— Work order —
Starting with the first line and ending with the line that holds "חולצת ריצה Nike Dri-FIT Swoosh של NIKE", repeat the material exactly.

— Material for this exercise —
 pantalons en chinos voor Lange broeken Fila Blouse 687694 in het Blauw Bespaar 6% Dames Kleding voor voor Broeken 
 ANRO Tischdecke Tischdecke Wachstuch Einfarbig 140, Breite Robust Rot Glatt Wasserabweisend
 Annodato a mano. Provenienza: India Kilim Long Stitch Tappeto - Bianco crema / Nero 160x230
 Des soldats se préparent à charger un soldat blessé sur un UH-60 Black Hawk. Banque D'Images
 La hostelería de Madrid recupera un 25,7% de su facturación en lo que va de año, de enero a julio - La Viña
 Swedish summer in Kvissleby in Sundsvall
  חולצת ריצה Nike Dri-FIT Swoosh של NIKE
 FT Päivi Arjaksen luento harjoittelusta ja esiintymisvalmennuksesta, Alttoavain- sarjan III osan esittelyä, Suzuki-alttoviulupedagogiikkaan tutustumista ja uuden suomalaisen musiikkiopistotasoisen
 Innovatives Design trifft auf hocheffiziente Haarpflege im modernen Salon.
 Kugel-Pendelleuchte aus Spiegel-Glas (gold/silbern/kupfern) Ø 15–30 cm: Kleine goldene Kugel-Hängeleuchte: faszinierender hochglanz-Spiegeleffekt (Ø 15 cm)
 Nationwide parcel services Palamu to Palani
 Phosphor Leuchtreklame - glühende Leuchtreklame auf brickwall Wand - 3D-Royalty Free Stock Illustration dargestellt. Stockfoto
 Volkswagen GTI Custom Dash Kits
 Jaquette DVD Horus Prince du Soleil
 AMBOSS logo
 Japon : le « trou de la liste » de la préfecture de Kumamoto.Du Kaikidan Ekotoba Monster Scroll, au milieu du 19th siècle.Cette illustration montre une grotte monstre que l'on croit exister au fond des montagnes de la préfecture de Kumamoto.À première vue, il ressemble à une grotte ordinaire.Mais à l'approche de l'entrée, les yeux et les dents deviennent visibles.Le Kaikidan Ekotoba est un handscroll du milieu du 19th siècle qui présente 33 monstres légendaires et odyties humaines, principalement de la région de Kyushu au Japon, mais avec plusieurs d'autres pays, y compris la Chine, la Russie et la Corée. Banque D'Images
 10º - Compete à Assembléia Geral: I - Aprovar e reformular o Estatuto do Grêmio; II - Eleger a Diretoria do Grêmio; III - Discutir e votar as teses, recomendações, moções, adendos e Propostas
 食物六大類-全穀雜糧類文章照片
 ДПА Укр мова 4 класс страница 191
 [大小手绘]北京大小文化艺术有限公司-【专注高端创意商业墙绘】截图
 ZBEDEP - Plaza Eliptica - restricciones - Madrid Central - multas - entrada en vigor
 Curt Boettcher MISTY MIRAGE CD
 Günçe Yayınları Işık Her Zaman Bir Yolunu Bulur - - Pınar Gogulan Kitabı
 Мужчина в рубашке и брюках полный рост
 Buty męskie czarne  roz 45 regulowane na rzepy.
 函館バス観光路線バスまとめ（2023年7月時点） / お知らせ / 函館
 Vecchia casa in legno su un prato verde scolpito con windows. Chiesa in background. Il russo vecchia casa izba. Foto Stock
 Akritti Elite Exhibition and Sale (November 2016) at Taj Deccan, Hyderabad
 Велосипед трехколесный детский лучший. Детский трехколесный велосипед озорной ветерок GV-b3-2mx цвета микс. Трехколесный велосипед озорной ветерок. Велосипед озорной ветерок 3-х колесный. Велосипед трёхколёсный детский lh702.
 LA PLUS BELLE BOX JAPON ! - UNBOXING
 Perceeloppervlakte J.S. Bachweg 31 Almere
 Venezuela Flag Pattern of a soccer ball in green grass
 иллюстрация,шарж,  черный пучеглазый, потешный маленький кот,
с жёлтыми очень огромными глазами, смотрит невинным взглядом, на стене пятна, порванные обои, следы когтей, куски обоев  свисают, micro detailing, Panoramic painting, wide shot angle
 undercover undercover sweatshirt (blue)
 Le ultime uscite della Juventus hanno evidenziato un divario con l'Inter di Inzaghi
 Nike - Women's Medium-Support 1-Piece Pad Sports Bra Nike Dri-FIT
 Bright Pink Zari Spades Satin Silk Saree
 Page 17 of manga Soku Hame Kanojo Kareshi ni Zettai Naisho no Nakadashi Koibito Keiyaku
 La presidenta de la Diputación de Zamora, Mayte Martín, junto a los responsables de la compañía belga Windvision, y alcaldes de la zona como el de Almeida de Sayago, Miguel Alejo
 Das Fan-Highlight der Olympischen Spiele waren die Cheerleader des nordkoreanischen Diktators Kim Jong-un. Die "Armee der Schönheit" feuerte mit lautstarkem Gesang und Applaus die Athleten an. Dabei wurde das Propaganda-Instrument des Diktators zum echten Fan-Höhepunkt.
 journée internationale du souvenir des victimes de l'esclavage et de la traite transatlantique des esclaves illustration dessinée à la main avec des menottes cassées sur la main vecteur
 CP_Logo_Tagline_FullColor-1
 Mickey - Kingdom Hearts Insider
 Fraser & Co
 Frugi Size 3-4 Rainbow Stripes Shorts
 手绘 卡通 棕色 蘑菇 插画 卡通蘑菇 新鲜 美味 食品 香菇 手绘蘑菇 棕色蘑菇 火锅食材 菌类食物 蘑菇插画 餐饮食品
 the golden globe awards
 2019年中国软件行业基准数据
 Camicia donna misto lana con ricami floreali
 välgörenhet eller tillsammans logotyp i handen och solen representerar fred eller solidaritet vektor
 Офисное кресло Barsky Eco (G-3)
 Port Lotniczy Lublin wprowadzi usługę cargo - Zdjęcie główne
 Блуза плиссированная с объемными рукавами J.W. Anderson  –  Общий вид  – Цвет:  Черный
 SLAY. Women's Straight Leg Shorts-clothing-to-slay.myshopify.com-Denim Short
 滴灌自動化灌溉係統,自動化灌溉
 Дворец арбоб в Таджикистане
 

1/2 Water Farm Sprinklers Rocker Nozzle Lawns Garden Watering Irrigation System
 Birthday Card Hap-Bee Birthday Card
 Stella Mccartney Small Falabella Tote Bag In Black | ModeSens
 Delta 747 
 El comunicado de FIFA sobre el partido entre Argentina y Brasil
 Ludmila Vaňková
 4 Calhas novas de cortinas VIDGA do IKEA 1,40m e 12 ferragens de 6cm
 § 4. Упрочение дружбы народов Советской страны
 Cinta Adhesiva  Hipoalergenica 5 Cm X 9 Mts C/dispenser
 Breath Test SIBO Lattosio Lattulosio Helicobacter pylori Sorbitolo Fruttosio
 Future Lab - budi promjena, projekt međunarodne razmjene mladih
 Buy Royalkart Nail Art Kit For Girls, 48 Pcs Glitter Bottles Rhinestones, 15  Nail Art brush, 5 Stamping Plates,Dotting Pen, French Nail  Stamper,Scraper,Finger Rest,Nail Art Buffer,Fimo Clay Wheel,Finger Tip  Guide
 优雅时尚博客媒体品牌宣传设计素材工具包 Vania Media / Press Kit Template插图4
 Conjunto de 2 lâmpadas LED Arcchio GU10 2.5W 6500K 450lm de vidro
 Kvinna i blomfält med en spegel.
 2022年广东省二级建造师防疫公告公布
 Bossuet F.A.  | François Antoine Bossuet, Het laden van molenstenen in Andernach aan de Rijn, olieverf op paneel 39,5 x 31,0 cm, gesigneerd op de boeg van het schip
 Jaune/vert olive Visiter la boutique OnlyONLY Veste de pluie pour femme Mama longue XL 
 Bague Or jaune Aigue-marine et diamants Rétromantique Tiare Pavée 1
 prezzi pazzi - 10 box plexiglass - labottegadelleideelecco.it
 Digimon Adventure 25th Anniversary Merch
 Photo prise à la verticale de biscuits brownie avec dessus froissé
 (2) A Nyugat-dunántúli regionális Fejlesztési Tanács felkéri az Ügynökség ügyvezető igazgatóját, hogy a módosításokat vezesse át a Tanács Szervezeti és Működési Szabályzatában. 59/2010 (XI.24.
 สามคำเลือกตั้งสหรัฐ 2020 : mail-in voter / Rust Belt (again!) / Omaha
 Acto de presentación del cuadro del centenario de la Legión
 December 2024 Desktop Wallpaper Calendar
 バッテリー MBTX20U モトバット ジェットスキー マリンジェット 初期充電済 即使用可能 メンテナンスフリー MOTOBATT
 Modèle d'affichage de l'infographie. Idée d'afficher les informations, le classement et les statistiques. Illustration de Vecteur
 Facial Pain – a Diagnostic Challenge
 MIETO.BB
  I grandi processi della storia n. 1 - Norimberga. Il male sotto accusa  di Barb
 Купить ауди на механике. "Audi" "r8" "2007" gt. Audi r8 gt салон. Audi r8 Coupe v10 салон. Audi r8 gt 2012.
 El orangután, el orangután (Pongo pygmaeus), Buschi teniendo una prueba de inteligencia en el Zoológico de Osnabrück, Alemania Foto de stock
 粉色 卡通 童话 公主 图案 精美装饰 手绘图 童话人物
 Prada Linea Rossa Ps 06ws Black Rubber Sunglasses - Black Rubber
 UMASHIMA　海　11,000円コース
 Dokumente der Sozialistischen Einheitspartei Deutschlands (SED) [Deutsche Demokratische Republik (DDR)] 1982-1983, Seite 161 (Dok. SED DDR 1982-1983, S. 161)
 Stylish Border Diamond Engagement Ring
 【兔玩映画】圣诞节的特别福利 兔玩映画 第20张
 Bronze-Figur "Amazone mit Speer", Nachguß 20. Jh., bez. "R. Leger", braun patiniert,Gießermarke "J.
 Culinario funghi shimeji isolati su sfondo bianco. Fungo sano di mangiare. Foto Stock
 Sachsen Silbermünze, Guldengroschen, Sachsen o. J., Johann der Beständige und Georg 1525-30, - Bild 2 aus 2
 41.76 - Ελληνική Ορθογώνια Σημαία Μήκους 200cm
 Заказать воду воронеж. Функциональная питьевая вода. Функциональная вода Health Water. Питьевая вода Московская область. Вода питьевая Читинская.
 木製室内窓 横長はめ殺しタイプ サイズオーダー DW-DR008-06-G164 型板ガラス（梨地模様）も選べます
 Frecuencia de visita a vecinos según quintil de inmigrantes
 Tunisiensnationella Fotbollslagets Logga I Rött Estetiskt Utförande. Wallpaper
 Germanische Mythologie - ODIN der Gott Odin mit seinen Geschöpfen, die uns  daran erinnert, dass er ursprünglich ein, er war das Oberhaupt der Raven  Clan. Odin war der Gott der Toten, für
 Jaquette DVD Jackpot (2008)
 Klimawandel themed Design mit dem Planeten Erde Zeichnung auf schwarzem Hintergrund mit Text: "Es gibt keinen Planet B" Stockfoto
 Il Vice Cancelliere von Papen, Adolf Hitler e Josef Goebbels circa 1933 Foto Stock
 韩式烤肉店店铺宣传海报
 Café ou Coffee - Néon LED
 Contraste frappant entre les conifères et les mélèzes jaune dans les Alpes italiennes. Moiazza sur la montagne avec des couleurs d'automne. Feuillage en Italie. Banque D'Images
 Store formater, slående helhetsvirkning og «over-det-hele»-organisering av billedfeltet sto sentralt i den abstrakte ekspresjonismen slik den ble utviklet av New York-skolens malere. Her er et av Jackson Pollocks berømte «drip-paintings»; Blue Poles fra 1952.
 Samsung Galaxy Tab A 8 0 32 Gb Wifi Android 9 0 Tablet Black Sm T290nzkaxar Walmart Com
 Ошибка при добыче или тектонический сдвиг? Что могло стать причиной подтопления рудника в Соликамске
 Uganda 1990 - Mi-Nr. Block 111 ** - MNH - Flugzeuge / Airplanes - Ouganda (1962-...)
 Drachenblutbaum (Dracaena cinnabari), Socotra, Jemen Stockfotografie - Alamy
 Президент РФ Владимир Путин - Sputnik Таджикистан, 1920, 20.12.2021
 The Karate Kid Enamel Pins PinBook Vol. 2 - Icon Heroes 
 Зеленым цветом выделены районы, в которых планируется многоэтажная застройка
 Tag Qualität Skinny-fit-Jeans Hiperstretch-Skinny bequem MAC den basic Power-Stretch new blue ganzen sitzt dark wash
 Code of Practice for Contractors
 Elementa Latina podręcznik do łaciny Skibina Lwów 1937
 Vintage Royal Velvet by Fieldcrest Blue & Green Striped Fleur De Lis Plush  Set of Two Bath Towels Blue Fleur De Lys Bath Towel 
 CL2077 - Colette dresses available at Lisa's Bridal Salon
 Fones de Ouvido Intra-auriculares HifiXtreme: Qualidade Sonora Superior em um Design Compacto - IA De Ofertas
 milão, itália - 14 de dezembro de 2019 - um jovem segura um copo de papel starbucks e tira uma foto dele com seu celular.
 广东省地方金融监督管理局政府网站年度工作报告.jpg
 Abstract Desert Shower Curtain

— Answer for the task —
 pantalons en chinos voor Lange broeken Fila Blouse 687694 in het Blauw Bespaar 6% Dames Kleding voor voor Broeken 
 ANRO Tischdecke Tischdecke Wachstuch Einfarbig 140, Breite Robust Rot Glatt Wasserabweisend
 Annodato a mano. Provenienza: India Kilim Long Stitch Tappeto - Bianco crema / Nero 160x230
 Des soldats se préparent à charger un soldat blessé sur un UH-60 Black Hawk. Banque D'Images
 La hostelería de Madrid recupera un 25,7% de su facturación en lo que va de año, de enero a julio - La Viña
 Swedish summer in Kvissleby in Sundsvall
  חולצת ריצה Nike Dri-FIT Swoosh של NIKE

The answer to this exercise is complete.